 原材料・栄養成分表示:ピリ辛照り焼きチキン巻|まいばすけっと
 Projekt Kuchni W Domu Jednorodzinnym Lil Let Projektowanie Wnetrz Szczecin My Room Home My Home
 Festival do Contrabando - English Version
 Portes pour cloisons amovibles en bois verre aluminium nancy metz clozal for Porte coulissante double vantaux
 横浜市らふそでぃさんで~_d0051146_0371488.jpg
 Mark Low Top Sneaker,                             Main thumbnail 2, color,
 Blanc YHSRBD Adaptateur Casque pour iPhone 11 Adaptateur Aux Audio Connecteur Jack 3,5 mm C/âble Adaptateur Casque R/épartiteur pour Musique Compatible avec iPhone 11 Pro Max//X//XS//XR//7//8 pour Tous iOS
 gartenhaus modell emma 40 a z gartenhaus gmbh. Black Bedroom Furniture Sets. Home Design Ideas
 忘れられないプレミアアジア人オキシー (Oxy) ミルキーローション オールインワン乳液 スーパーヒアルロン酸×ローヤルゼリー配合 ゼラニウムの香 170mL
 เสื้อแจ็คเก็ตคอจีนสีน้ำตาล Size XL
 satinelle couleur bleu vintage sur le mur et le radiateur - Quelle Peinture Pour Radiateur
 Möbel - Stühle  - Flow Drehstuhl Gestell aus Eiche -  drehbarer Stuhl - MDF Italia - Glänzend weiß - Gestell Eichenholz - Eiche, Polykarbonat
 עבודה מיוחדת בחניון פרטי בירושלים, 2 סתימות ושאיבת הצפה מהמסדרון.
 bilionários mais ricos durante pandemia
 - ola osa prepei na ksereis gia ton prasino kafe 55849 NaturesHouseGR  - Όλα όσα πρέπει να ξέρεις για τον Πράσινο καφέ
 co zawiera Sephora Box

Work required
Find the word "Home" in the records, and report each line that has it.

Response to this task
 Projekt Kuchni W Domu Jednorodzinnym Lil Let Projektowanie Wnetrz Szczecin My Room Home My Home
 gartenhaus modell emma 40 a z gartenhaus gmbh. Black Bedroom Furniture Sets. Home Design Ideas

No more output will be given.